LOL I'm tempted to buy the DVD's and I can't wait to see where they take the next season.


----------



## Zurgh

Here's how they do it on Broadway...:googly:






Every one in Casa de Zurgh is now caught up & not so patiently waiting for the next season...


----------



## Copchick

^ Lol, I had to stop it so that it wouldn't become a songworm in my head. My library is too slow with the third season becoming available, some people watch it way too slow, wth! I ordered all three seasons on Amazon. FYI, it's much cheaper than any store. $14.99 for season 1. $24.99 for the other two seasons. Can't wait to get season three to get caught up to you guys!


----------



## DandyBrit

Andrew and David - didn't know you could sing that well!


----------



## Copchick

I got my 3 seasons of The Walking Dead DVD's from Amazon today and I started to watch the 3rd season. I watched 4 episodes. Just now I am recovering from seeing Rick in so much emotional pain when he realizes that Lori is dead after having the baby. Wow, what an episode! I can't believe how attached to these characters that I've gotten. Poor Rick, and Carl too for having to off Lori. Sad...and just...wow.


----------



## Zurgh

Just got the Walking Dead video game on steam... needed a zombie fix... Let ya know about it later... Oh, it's on sale till tomarow, not sure what time it goes off sale....


----------



## Zurgh

Kinda' an interactive choose your own adventure / action button masher... not bad, disturbing.. kind of like it... starting episode 5 soon... seems more comic-book version...


----------



## Copchick

I got my mother hooked on The Walking Dead. Now she's catching up. . Can't wait for the start of the next season!


----------



## ATLfun

Season 4 of the Walking Dead premieres Sunday, October 13th. Seems like last year it was closer to Halloween.

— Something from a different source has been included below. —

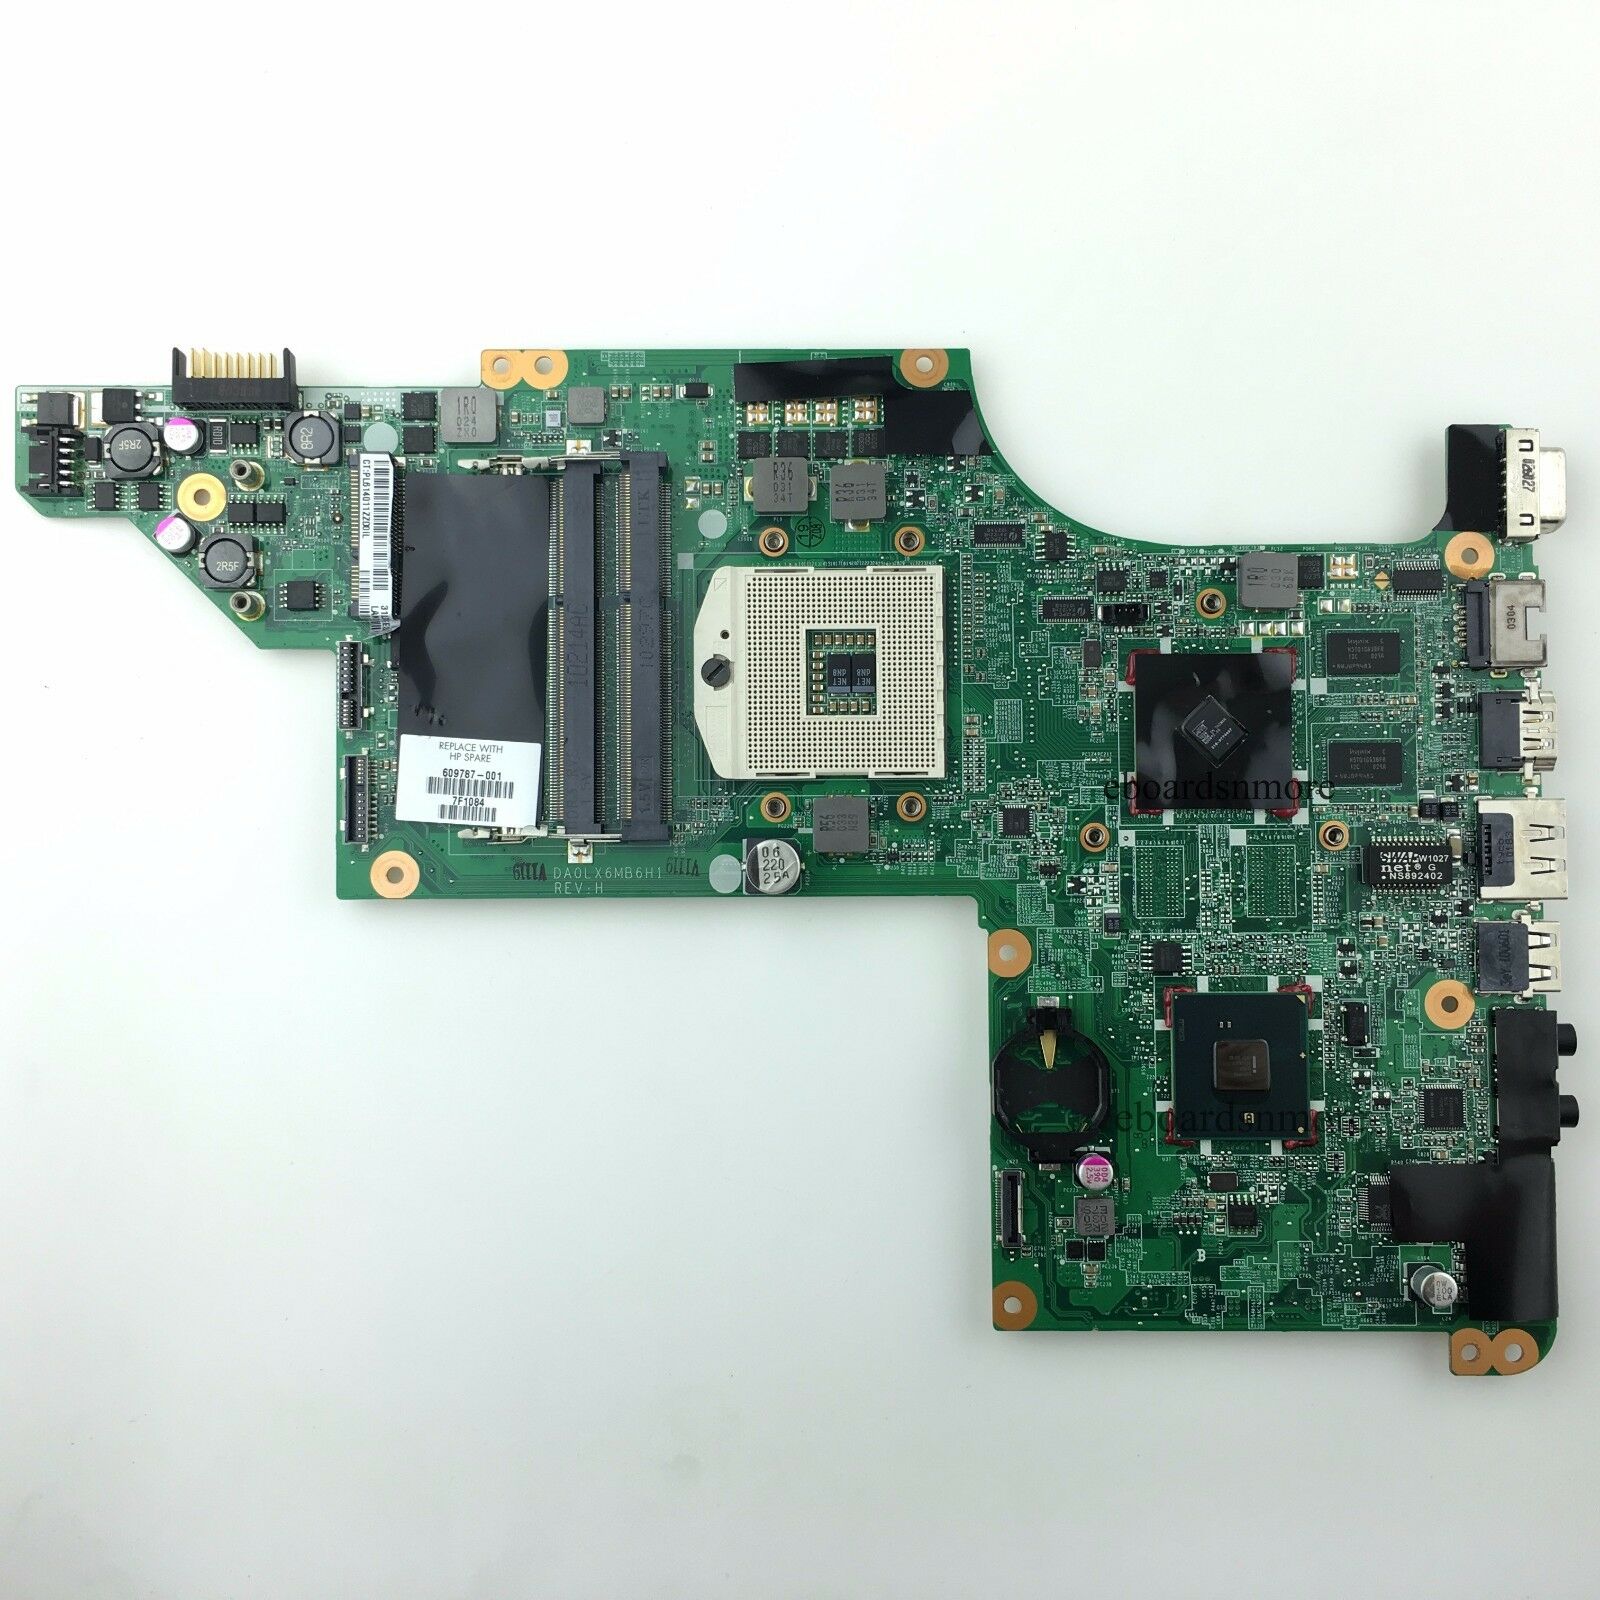 609787-001 for HP DV7 DV7-4000 motherboard,ATI 216-0774007,DA0LX6MB6H1,Grade A Memory Type: See Description

Here is a link to the Season 4 advance trailer. Kind of cheesy that you have to watch a Google Chrome ad before it starts. Spoiler alert: it reveals a fair amount of the general story line and what the group is going to face. Kind of wish that I had not seen it, but it was way cool with some great scenes.

http://www.amctv.com/the-walking-dead/videos/comic-con-trailer-the-walking-dead-season-4


----------



## kauldron

My wife and I caught up on Season 3 too soon, now we are having "Biter" withdrawals until the 13th. I'm really curious to see how they develop Carl's story with how last season ended.


----------



## tjc67

Zurgh said:


> Kinda' an interactive choose your own adventure / action button masher... not bad, disturbing.. kind of like it... starting episode 5 soon... seems more comic-book version...

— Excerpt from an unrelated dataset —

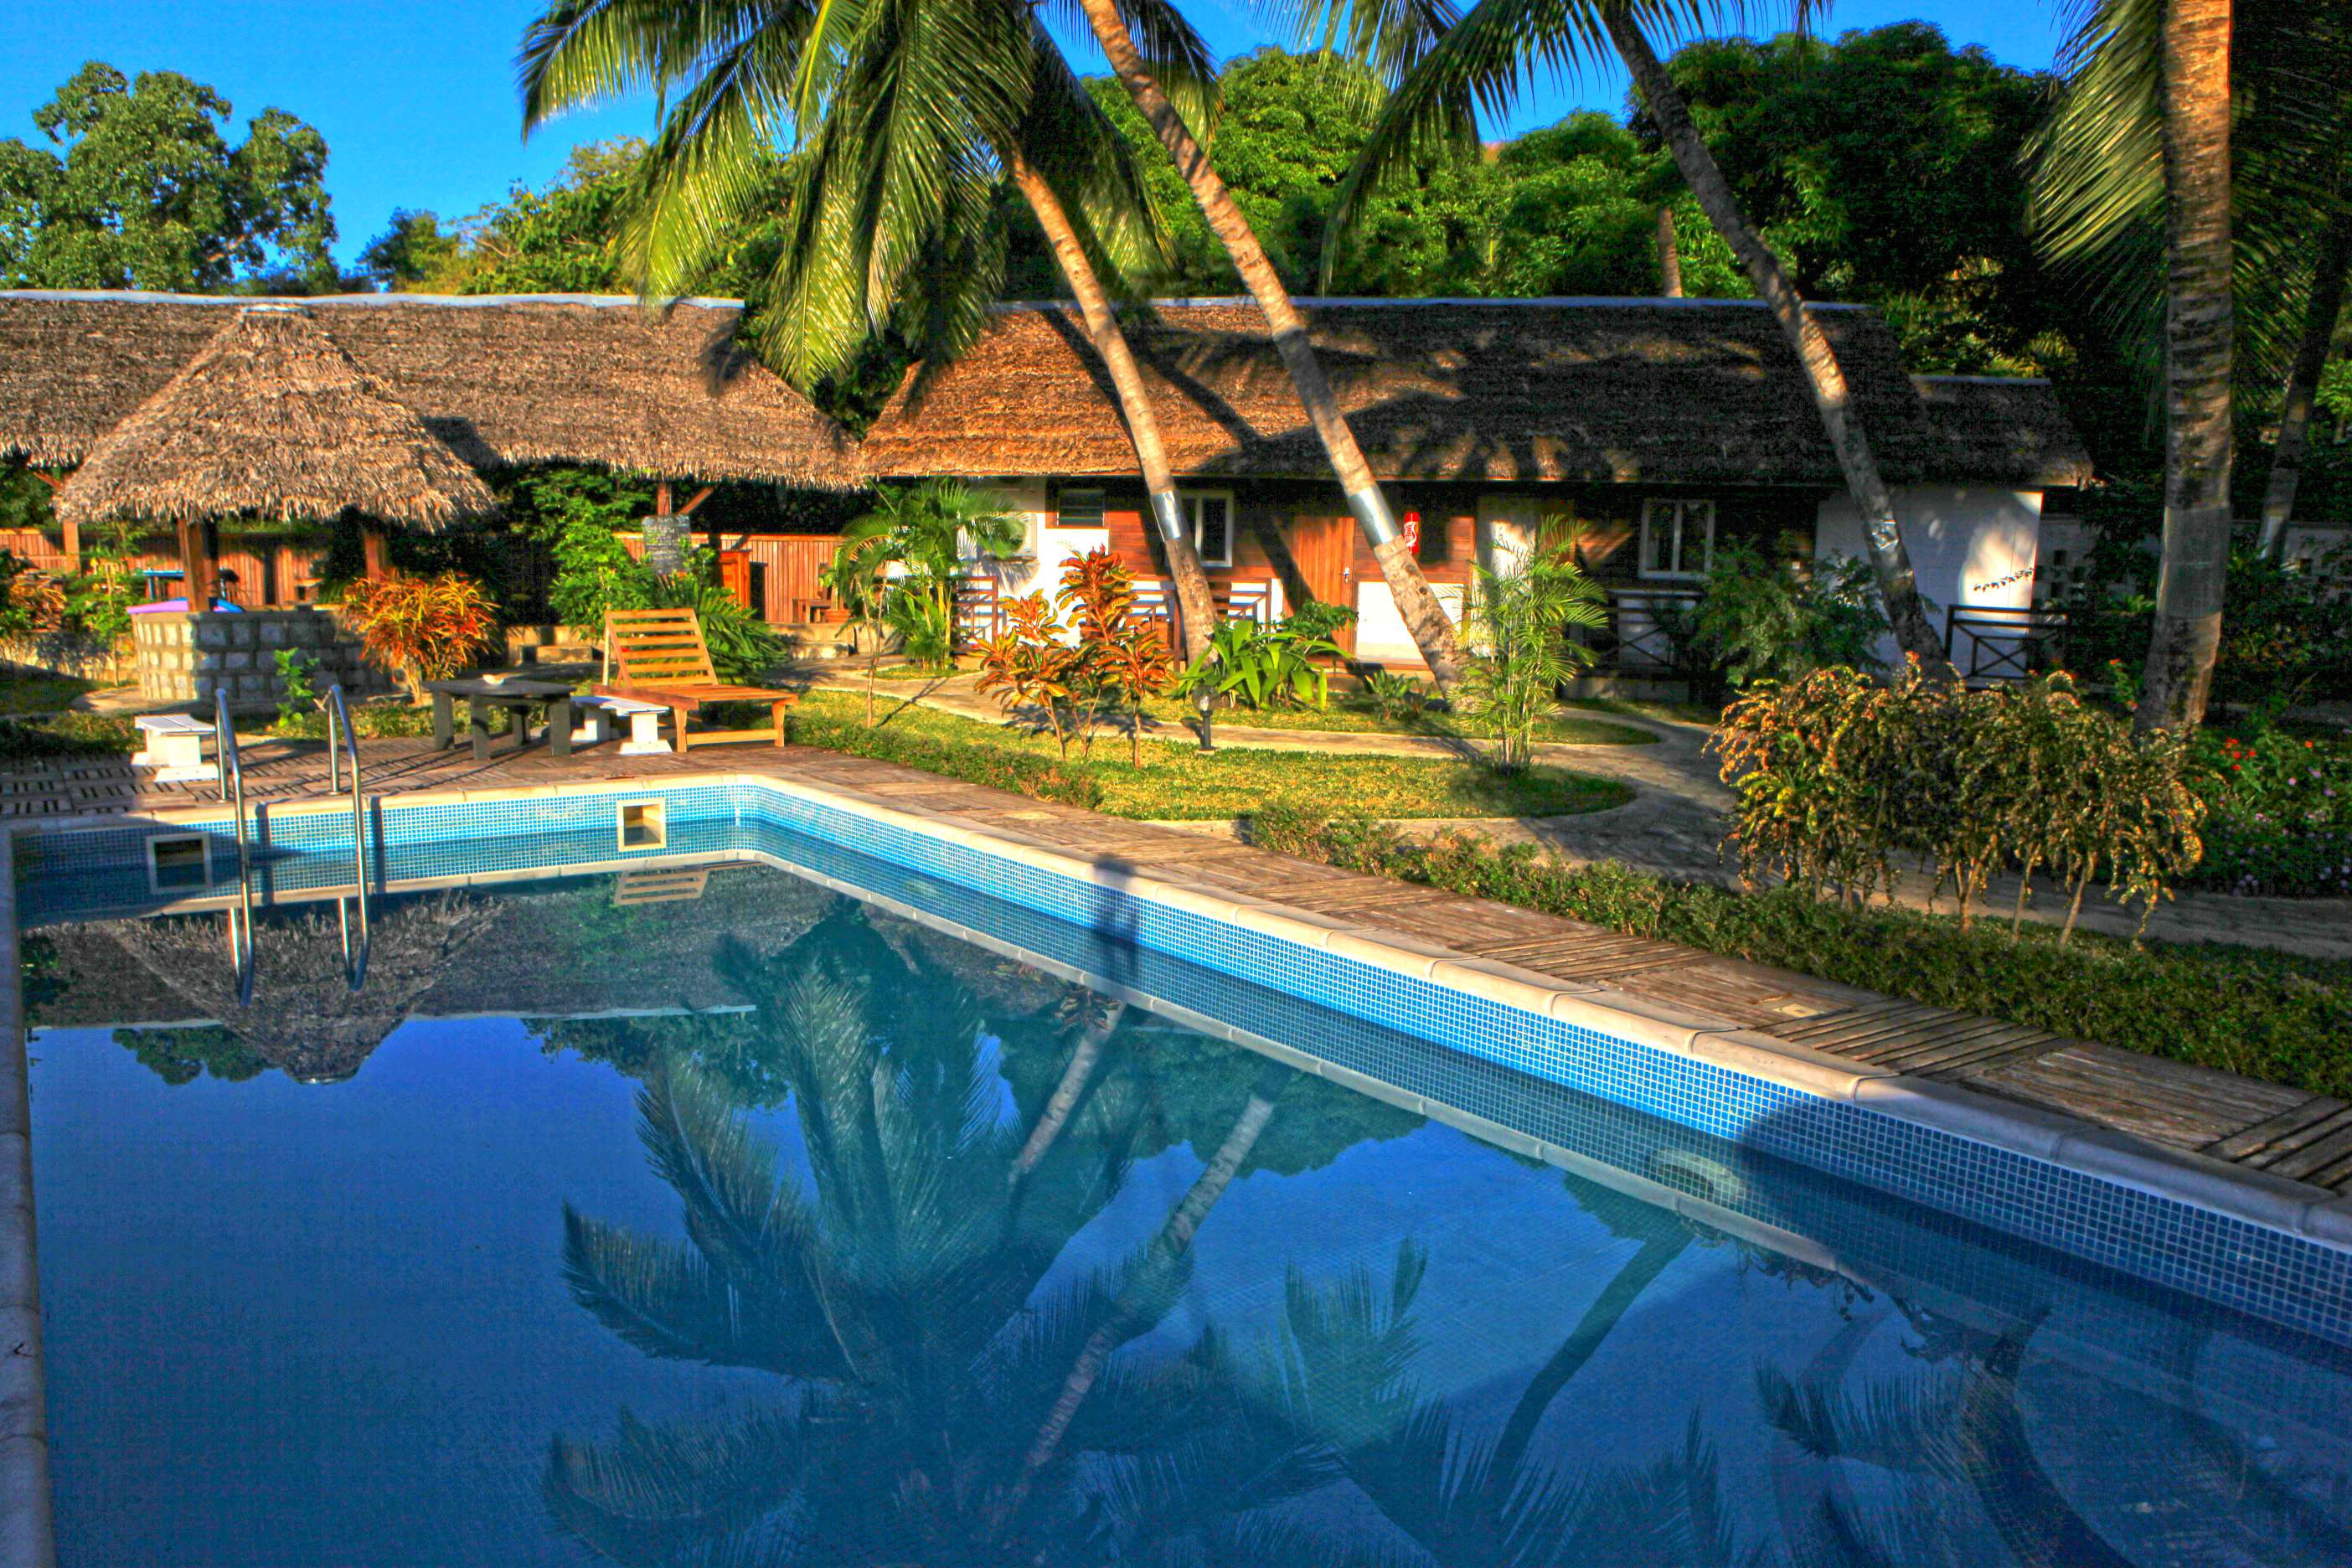 A Louer, 4 bungalows doubles  pieds dans l'eau avec piscine et salle de fitness

 I played through that game. The gameplay itself is kind of meh but the story is very well done and extremely brutal ,emotionally, in some parts.

I've played games that pissed me off and others that had me looking over my shoulder while playing but nothing that left me feeling like I did playing Walking Dead.

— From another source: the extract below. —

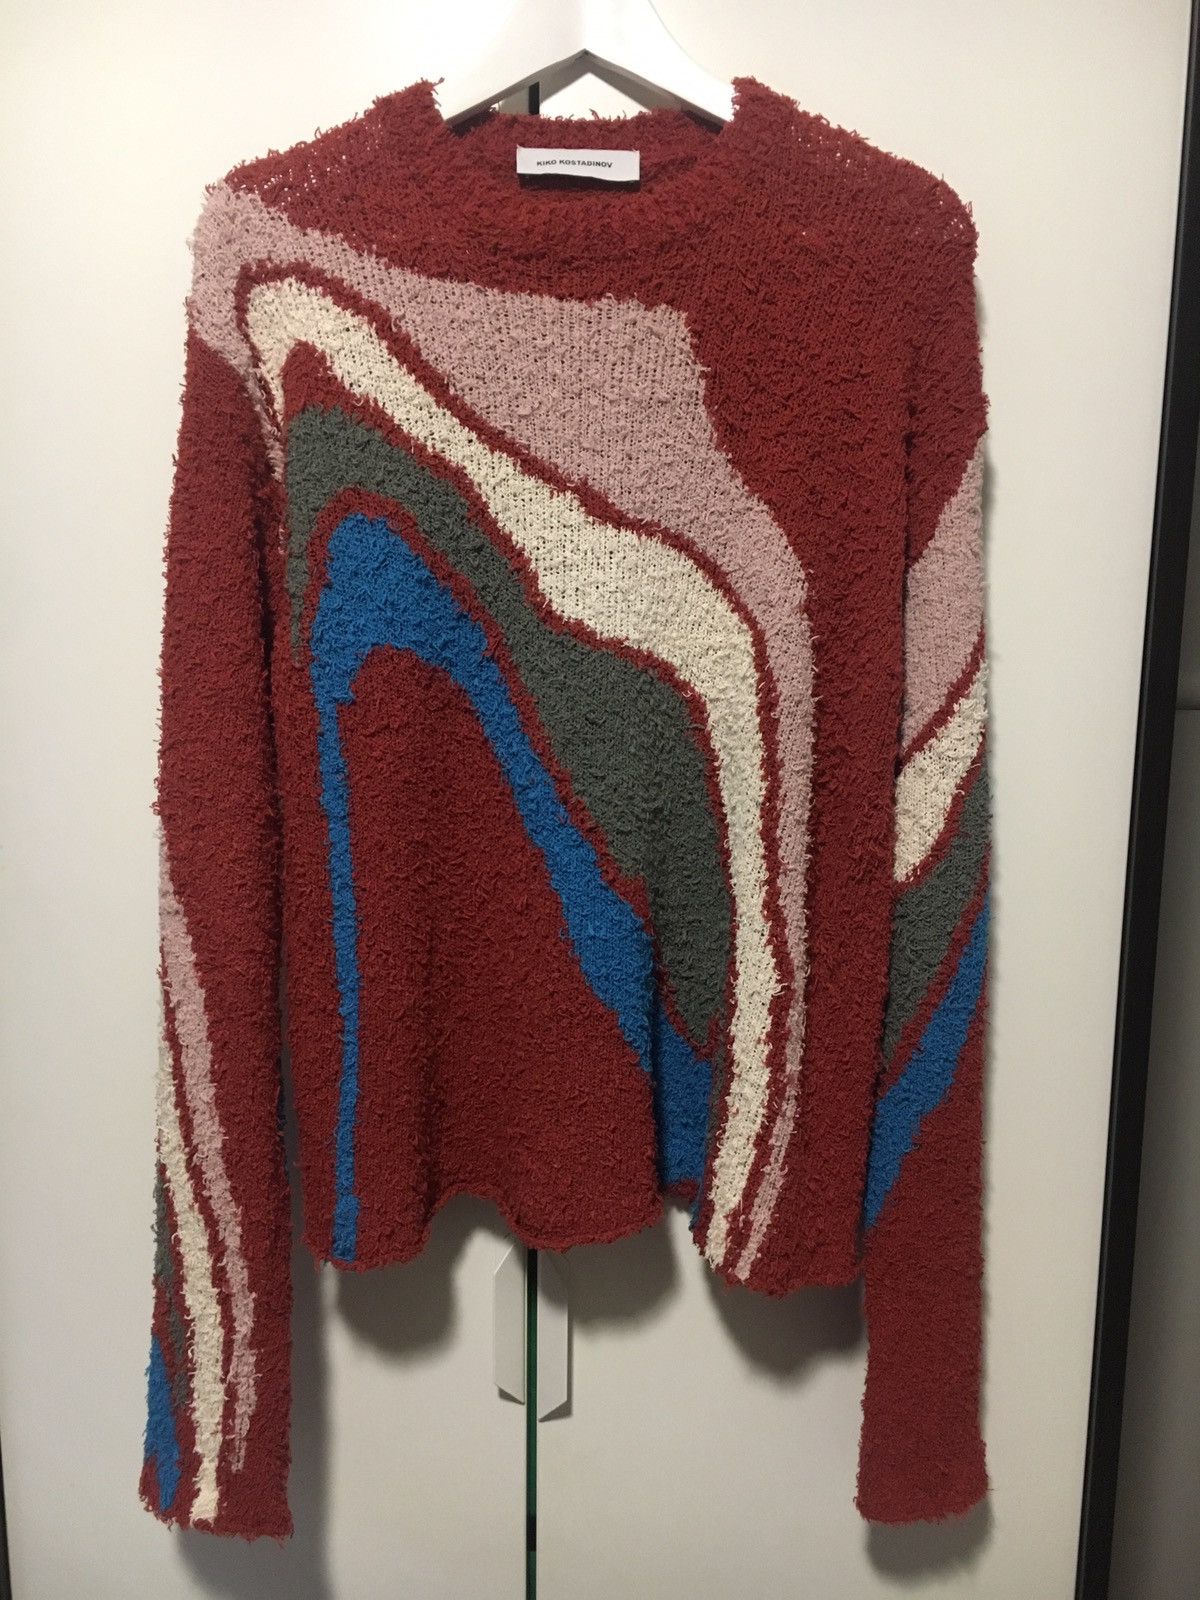 Kiko Kostadinov Terracotta Delva body Intarsia Sweater | Grailed

I'm curious to see your reaction to finishing it.


----------



## Zurgh

*The Walking Dead game*

The Good-
tjc67, I agree, the story (chapters 1-5) was very good. (No spoilers for those who haven't played, but I now hate zombie babysitters!) It had some interesting plot twists & turns and seemed very well done. It has some very brutally emotional story elements & hard choices that tugged at the old heart strings.
I also liked the fact that the zombies didn't have "hit points" or some apparent # of shots needed to put them down (aside from the obvious head shot). Most fights seemed like a real struggle to survive, and not some generic hack n' slash.
The game fits in seamlessly with both the comic and the TV show.
It was not 'over the top' gory... no organs squirting out like macabre party streamers amidst geysers of blood... nor was it 'G' rated squeaky clean... a good level of bloody & grimy.

The Bad-
The controller interface was janky... the cursor was sometimes oversensitive, sometimes slow as molasses. There were invisible walls. The puzzles were very straight forward/too easy. The bonus chapter 400 days seemed rather skeletal / not well fleshed out. There is too much "button mashing" in some of the action sequences.

Overall-
I would give the game 3.5 stars out of 5. Thumbs up. I'll be replaying the game again here soon to see what some of the other choices will produce. It is easy for a non gamer to pick up and play, and the story is engaging enough for an experienced player to overlook it's gameplay flaws. I recommend this game to fans of the walking dead.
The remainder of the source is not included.